Q2: Is it possible to have 4 domains inside the M7 core , customer mean M7 AHB and M7 AXI masters (the example is just one domain)? their use case is to have 4 task inside the M7 core, and they would like to have isolation (peripherals and memory) between tasks, isolation means that one task can not write the memory of the other task and can not access the other tasks peripheral. How could have they do it?
A: For 4 tasks inside the M7 core, please use M7 thread/handle and MPU to do the core isolation, xRDC2 is for others isolation (SOC's other masters and peripherals and memory) in M7 core domain. this same as one core case.
Q3: How can I dynamically change the execution domain for each task? how can I ensure that the critical task executes with the permissions of domain 0 and the non-critical task with the permissions of domain 1? How to implement the assignDomain
A: Domain can't be changed dynamically. You could use shared peripheral and memory in two cores case. In one core case, task isolation could be changed and configured dynamically.
Q4: When configuring the Master Domain Access Control (MDAC), we can assign multiple domains to each bus master. Each assignment will have its match and mask. When a transaction from the bus arrives at the MDAC, it is responsible for reviewing the transaction, checking its assignment table, and if there is a match, assigning the domain to the transaction. If this is the case, who is responsible for assigning that information which the MDAC will then verify for a match? What is that information?

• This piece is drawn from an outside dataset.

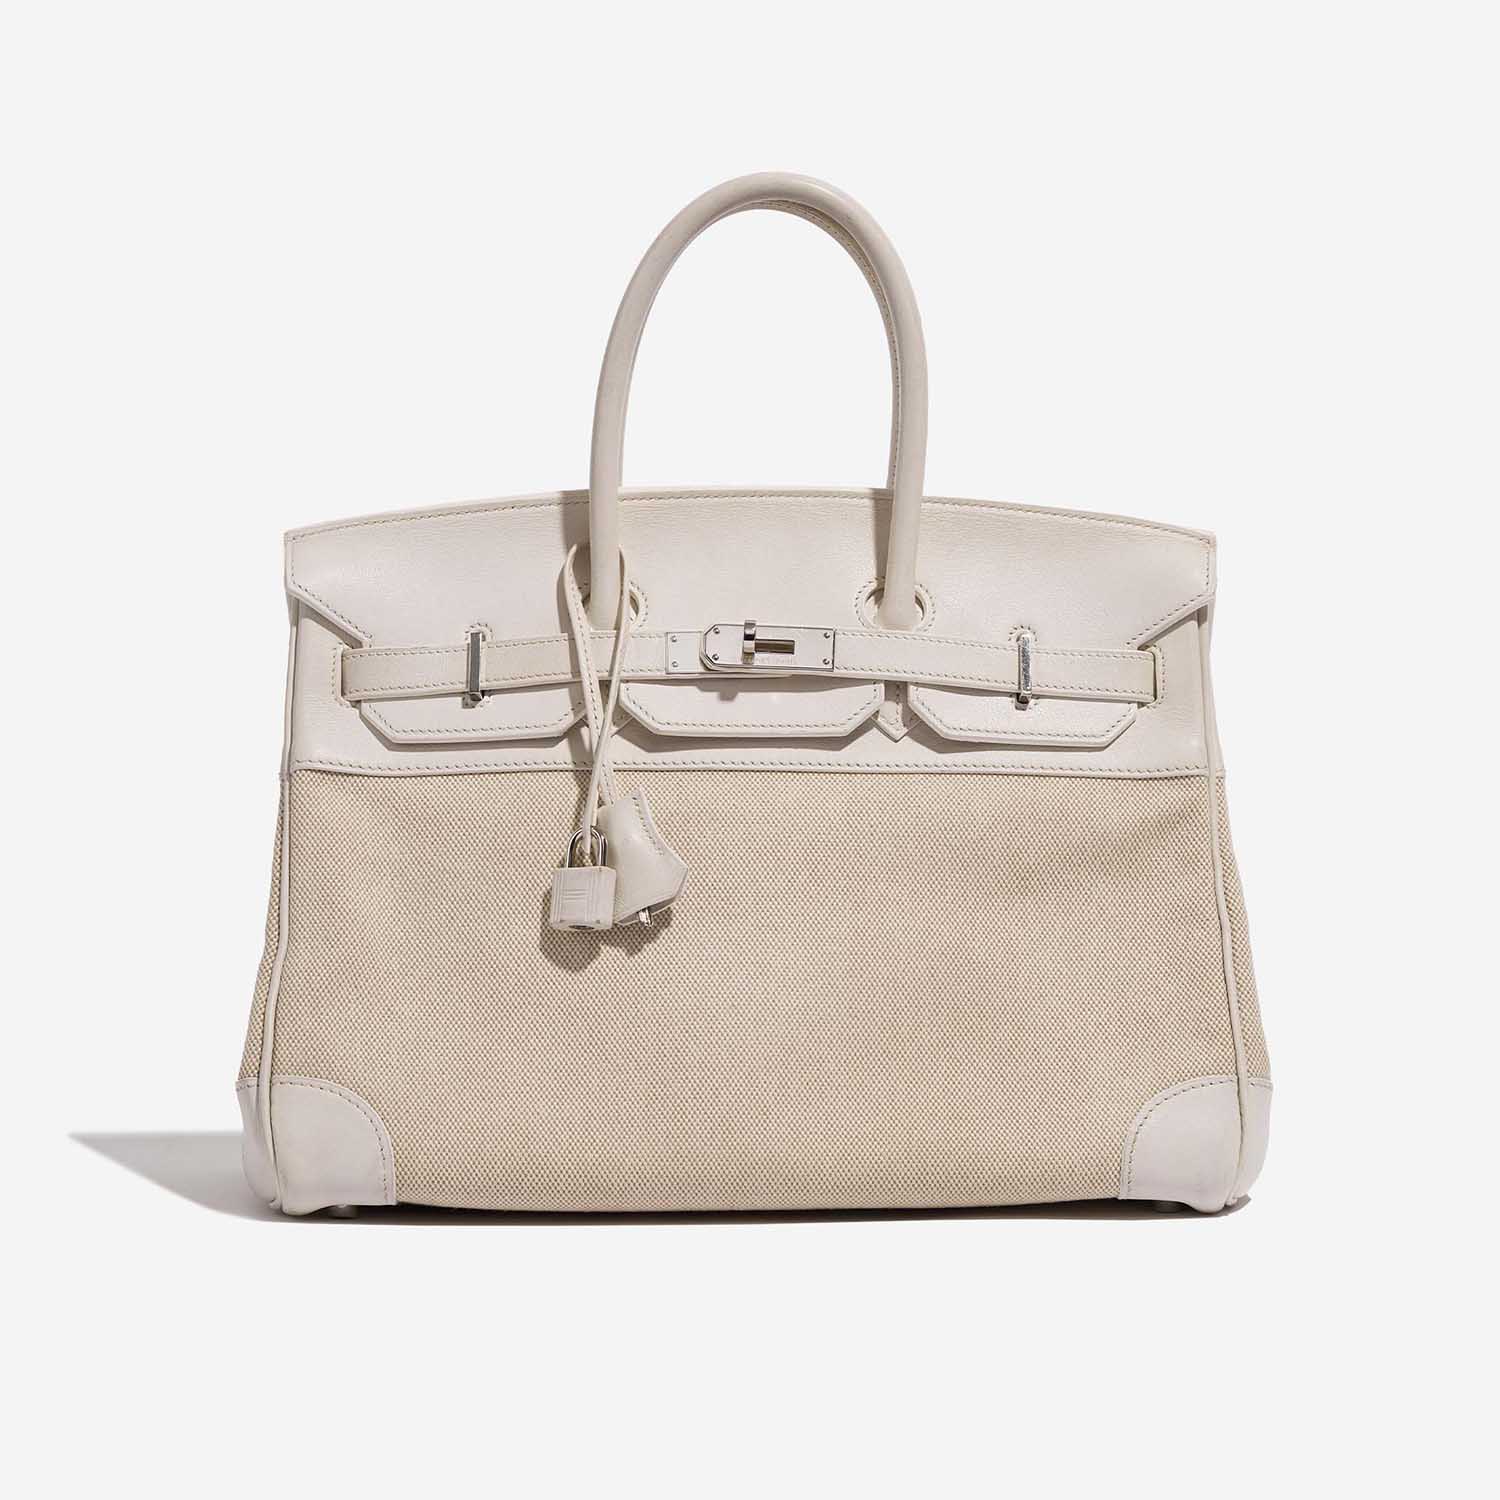 Hermès Birkin 35 Beton Front | Verkaufen Sie Ihre Designertasche auf Saclab.com
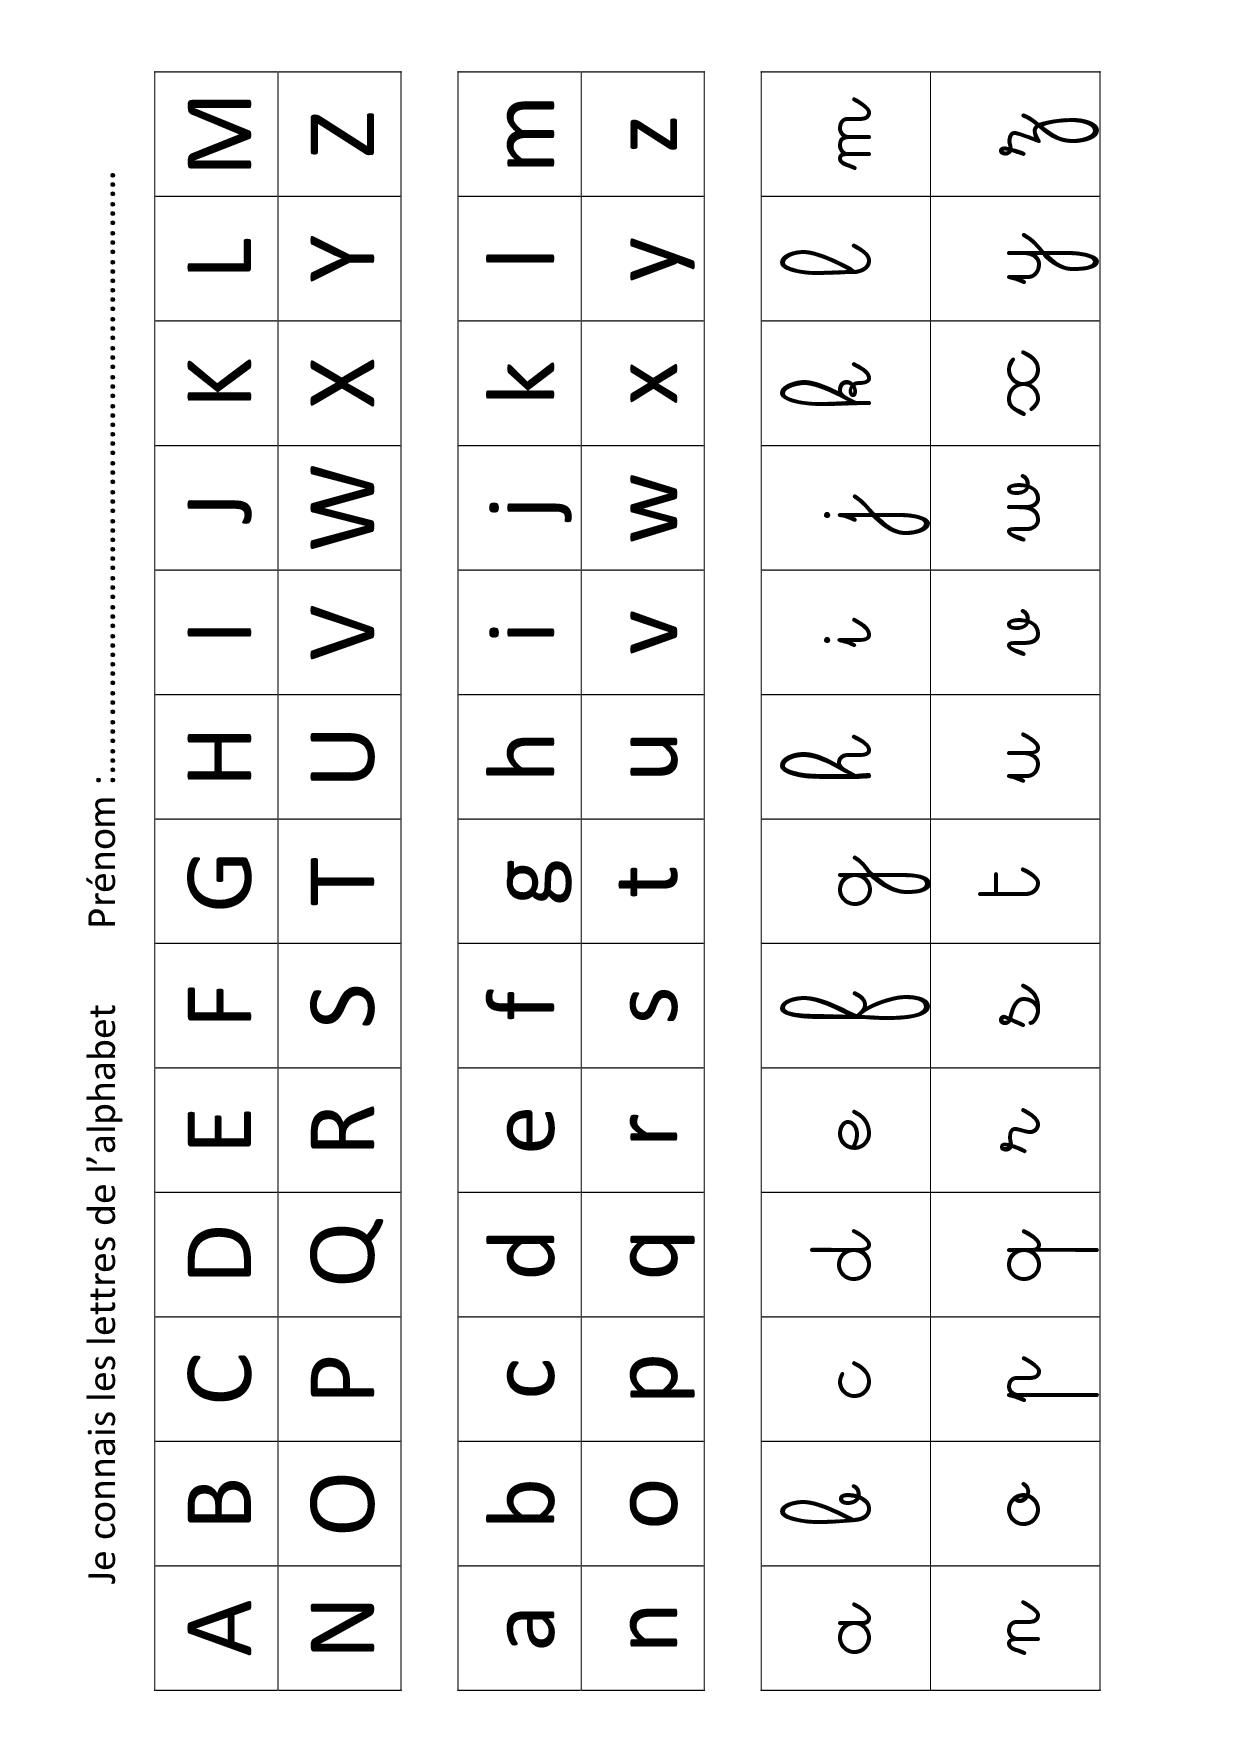 Apprendre Les Lettres De L'alphabet Avec Leap Frog intérieur Apprendre À Écrire L Alphabet En Maternelle

A: The XRDC2 memory protection scheme has two components. 1. First each bus mastering resource has an associated Master Domain Assignment Controller (MDAC) for assigning a domain identifier (DID) attribute to each bus transaction. 2. Second each memory and peripheral has an associated access control submodule that enforces access control policies based on the DID and privilege level of the transaction.
The MDAC submodule is responsible for the generation of the DID, nonsecure and privileged attributes for every system bus transaction in the device. The MDAC compares its match input to the MATCH field for each enabled MDA descriptor for each bus transaction.
Q5: From what I have seen, this information is detailed in Table 43-2 of the Reference Manual. However, the bits used for the match are not editable in most cases. I only see that we can differentiate domains based on the match in the case of the EDMA, where the match bits form the channel and the master ID. Given this, among all the bus masters, does it only make sense to assign multiple domains to the EDMA masters?
A: I supposed that you did some mis-understanding on "domain", please also read the RDC chapter, then it will help you to understand MDAC.
Q6: Additionally, what is the purpose of being able to add multiple domains, for example, to the Master M7 AHB MDAC if we cannot change the MATCH bits of the transaction?
A: Please search and refer "MATCH field" description in register map - Master Domain Assignment (MDAC0_MDA0_W0 - MDAC31_MDA31_W0).